The DNN model used grid search hyperparameter tuning tools to adjust the number of neurons and layers. The DNN model applied one input layer, two fully connected hidden layers, and one output layer. The first hidden layer had 52 neurons, and the second hidden layer had 13 neurons. RandomNormal was chosen as the initializer to initialize the random normal values, Relu and Adadelta were used as the optimizer in the hidden layers and output layer. EarlyStopping was applied to optimize the number of epochs to avoid the over-fitting problem, and validation loss is the indicator for the EarlyStopping monitoring.

Random forest classifier

The RF model applied the ‘Gini’ impurity metric (mean decrease in impurity) to determine the feature importance. For the design of RF model, GridSearchCV was used to adjust the value of parameters. After the hyper-parameters tuning, the maximum depth is set at 8, the maximum features set at “sqrt”, the minimum samples leaf set at 1, the minimum samples split is set at 2, and the number of estimators is set at 354.

Support vector machine

Three different kernels “Linear”, “Poly” and “RBF” apply for SVM models to generates three SVM models. Since SVM models are expected to compare the performance with other main models rather than achieve the best result, SVM models used the default value of parameters in this study.

Result

Experiment result

A performance representation of each of the machine algorithms used in our study under 5-folds cross validation are presented in Fig. 5. Comparison of the models revealed that the random forest model outperformed the others, with an AUC of 0.98 and a 95% CI of 0.89-0.98 for the prospective test set (Figs. 4 and 5). Overall, the significance of our work is multiple folds. For the general purpose, this study provides binary classification result using logistic regression model in the training set and G-mean was used to calculate the optimized threshold. After converting to binary classification, a sensitivity of 0.93 (95% CI: 0.92-0.94), a specificity of 0.93(95% CI: 0.92-0.94), a positive predictive value of 0.28(95% CI: 0.26-0.30) and a negative predictive value of 0.99(95% CI: 0.98-1.00) (Fig. 6). Statistical analysis was per- formed to compare the trained machine learning models using data from our cohort of inpatients from Hong Kong’s public hospitals between January 1, and September 30, 2020, 5,059 were diagnosed with COVID-19 using RT-PCR (n= 5,059) (median age = 46 years; 49.3% male) and 532,427 patients were controls.

Fig. 5
figure 5

Comparison of ROC curves for all tested models

Fig. 6
figure 6

Top 20 immunological and metabolic biomarkers

The importance of each feature in the data set was calculated using the feature importance package on CityU High performance Computing (HPC). The calculated values are shown in Table 2, and the results obtained with each algorithm when using different numbers of patient records are shown in Table 3.

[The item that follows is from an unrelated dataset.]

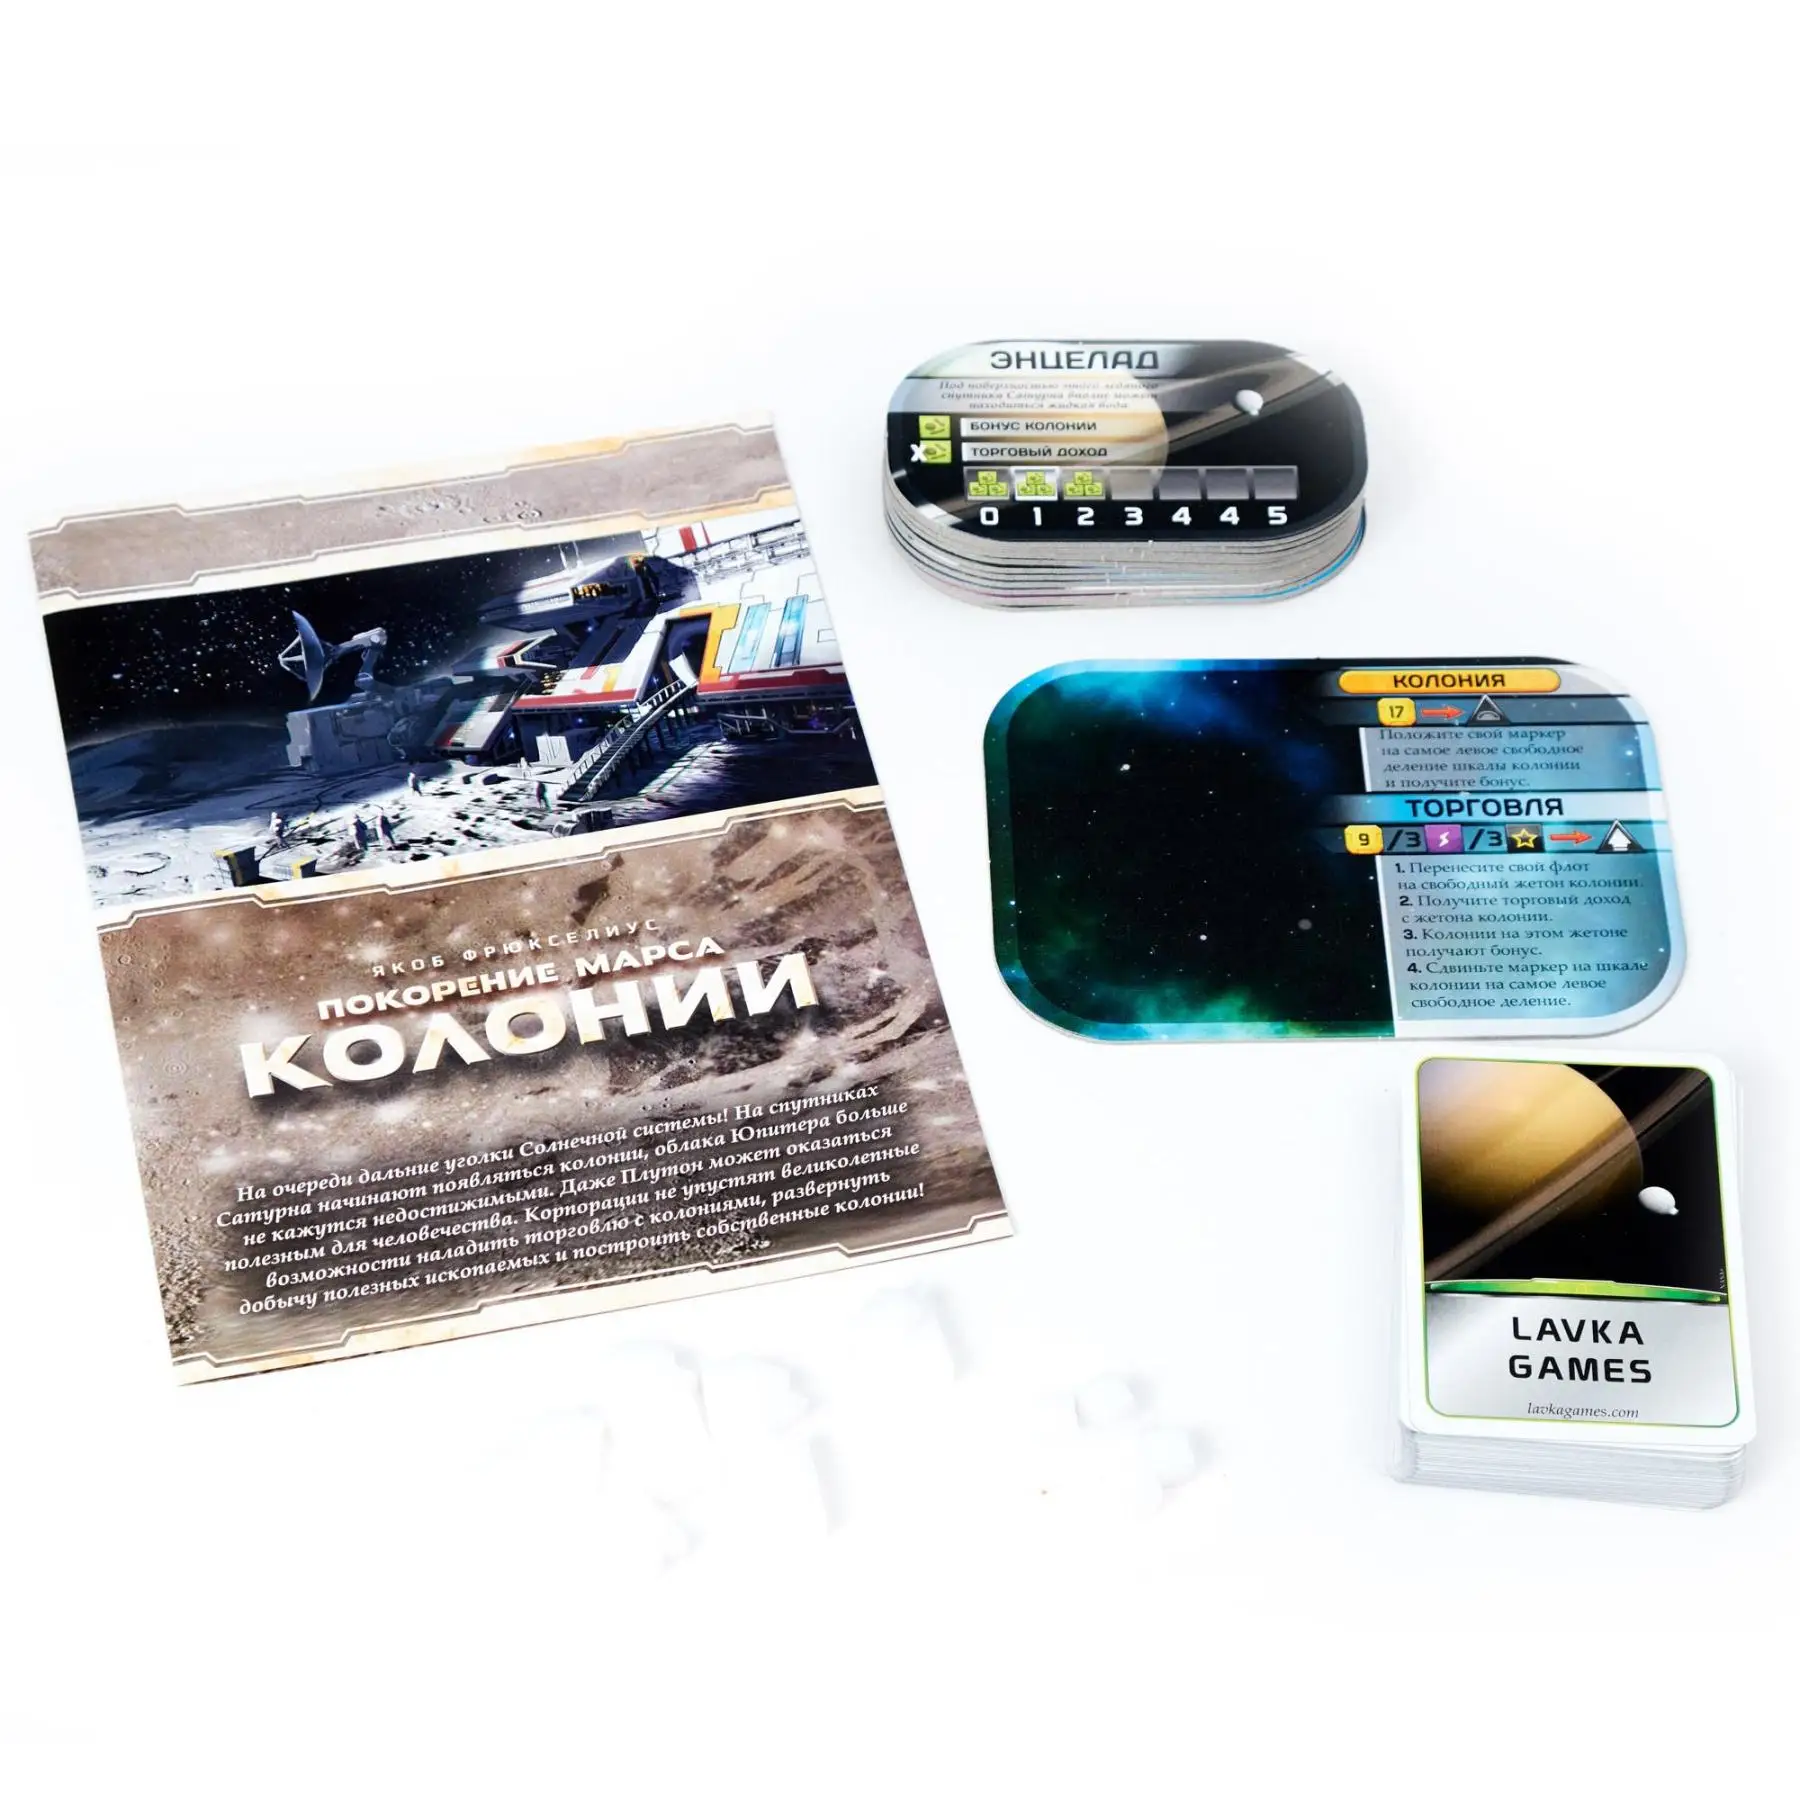 Lavka Games Настольная игра "Покорение Марса: Колонии" дополнение - купить по
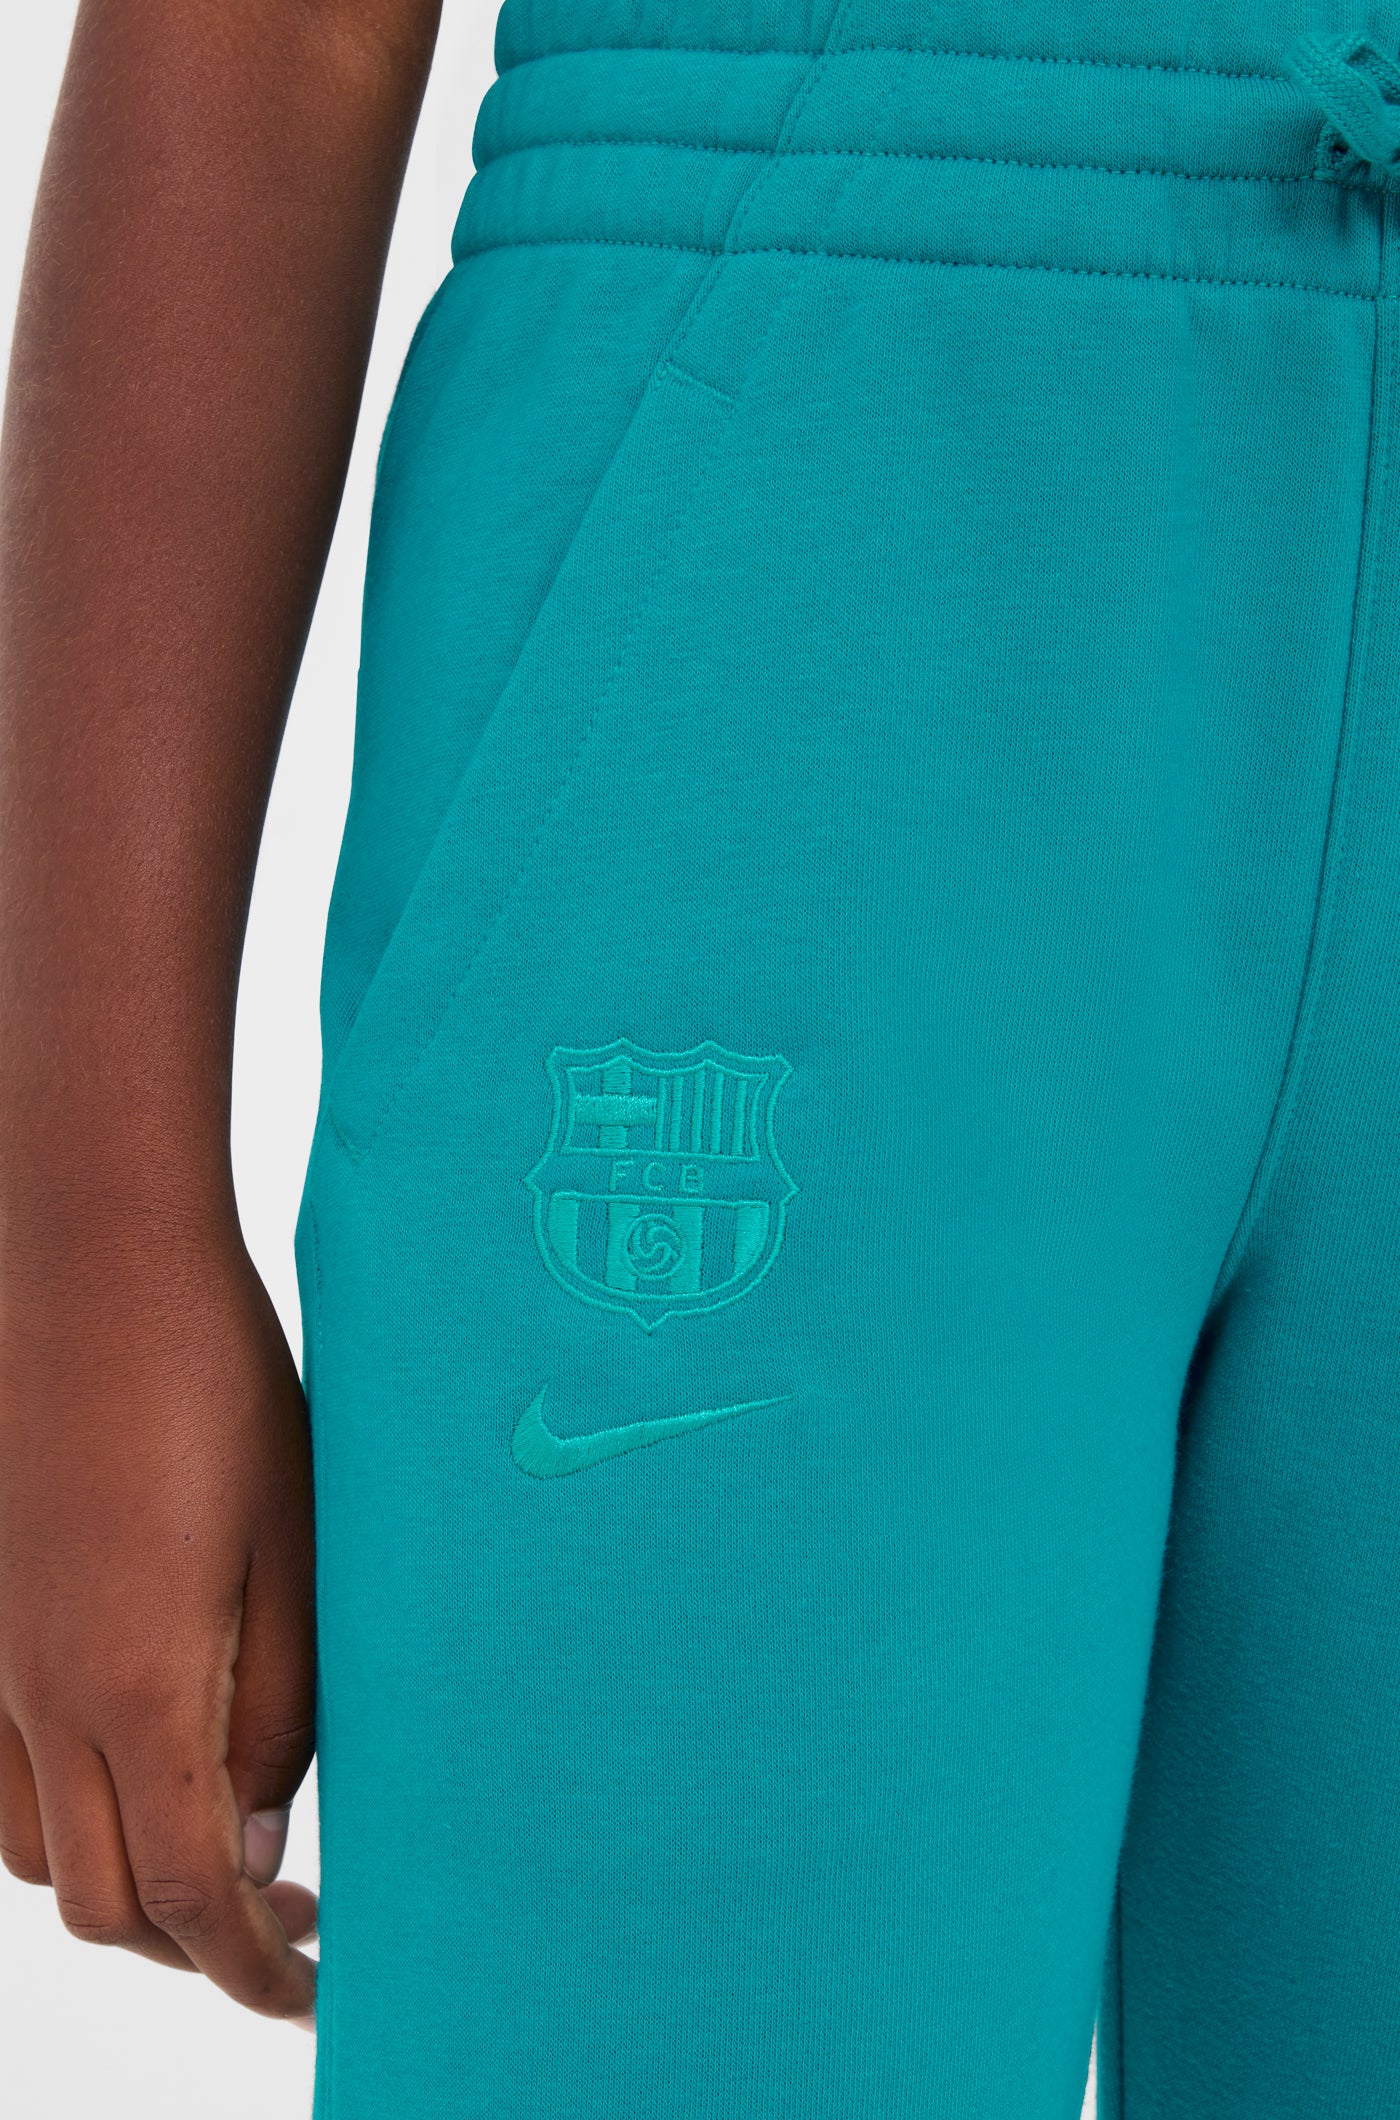 Pantalons escut verd Barça Nike - Junior

Table 2 Feature importance results and values
Table 3 Comparison of the models performance with different data size

The top 20 most important immunological and metabolic biomarkers included in the model are ranked in Figs. 6 and 7 and Table 2.

Fig. 7
figure 7

Top 20 immunological and metabolic biomarkers

Figures 6 and 7 depict SHapley Additive exPlanations (SHAP) beeswarm plots of the SHAP values for the most important immunological and metabolic biomarkers.

The biomarkers are arranged along each vertical axis by their mean absolute SHAP values. The position of each point on the horizontal axis shows the impact of that feature on the classifier’s ability to predict the outcome of a given COVID-19 patient.

Finally, a sample prediction of the risk of mortality is given using the model that helps in predicting the risk of mortality, as shown in Fig. 8.

Fig. 8
figure 8

Sample prediction of the risk of mortality

Validation result

To validate the model, data from a cohort of 131 COVID-19 patients including 124 (who had recovered), six (who were deceased), and one whose situation was unknown, were obtained from the Kwong Wah Hospital. To avoid potential overlap of the data between training, testing and validation sets, patients with a confirmed COVID-19 infection before September 30,2020, were excluded from this validation data set.

Finally, 77 patients were included in the validation dataset, among whom 73 patients had recovered, and 4 were deceased.

Although only 33 of the 53 input features provided by the hospital was included in the validation set, 18 of the top 20 most important features were included. The results of validation analysis are shown in Fig. 8. An AUC value of 0.90 (0.88-0.92), a sensitivity of 0.67 (0.62-0.69), a specificity of 0.94 (0.92-0.95), a positive predictive value of 0.36 (0.34-0.38) and a negative predictive value 0.98 (0.96-0.98) was obtained for the random forest model (Fig. 9). The model we developed in our study effectively predicted mortality due to COVID-19 based on immunological and metabolic biomarkers in our sample.

Fig. 9
figure 9

Receiver operating characteristic curve analysis of model validation data

Discussion

In this large study of inpatients from Hong Kong’s Hospital Authority public hospitals between January 1, and September 30, 2020, we identified top 20 immunological and metabolic biomarkers that can accurately predict the risk of mortality from COVID-19 with ROC-AUC of 0.98 (95% CI 0.96-0.98). These biomarkers are hematological, coagulation, cardiac, hepatic, renal and inflammatory factors and can be used by physicians to design treatment strategies to prevent COVID-19 patients from developing critical conditions. Optimization of clinical priorities can reduce the burdens currently faced by health care systems by facilitating optimization of the management of healthcare resources during future waves of the COVID-19 pandemic. The AUC value of the model presented in this paper is higher than most of the related findings so far [12, 1317,18,19,20].

Nowadays, there are some worldwide scoring systems applied for predicting the mortality risk of COVID-19 [21]. Table 4 shows four commonly used scoring systems which are CURB-65 (confusion, uremia, respiratory rat, BP, age 65 years) [22], International Severe Acute Respiratory Infection terization Protocol-Coronavirus Clinical Characterization Consortium (ISARIC-4C) score [23], National Early Warning Score 2 (NEWS2) [24] and quick COVID-19 Severity Index (qCSI) [25]. Comparing the value of AUC of four scoring systems with the RF model in this study, the RF model shows significantly outstanding performance.

Table 4 Comparison of performance with worldwide developed scoring systems

From a set of algorithms which include efficient machine learning approaches such as DNN, RF, SVM models with linear, polynomial, radial basis function and sigmoid kernels, our analytical experiments demonstrated that the random forest model performed better than the other and identified the top 20 most important immunological and metabolic biomarkers in our study population that help to predict COVID-19 mortality.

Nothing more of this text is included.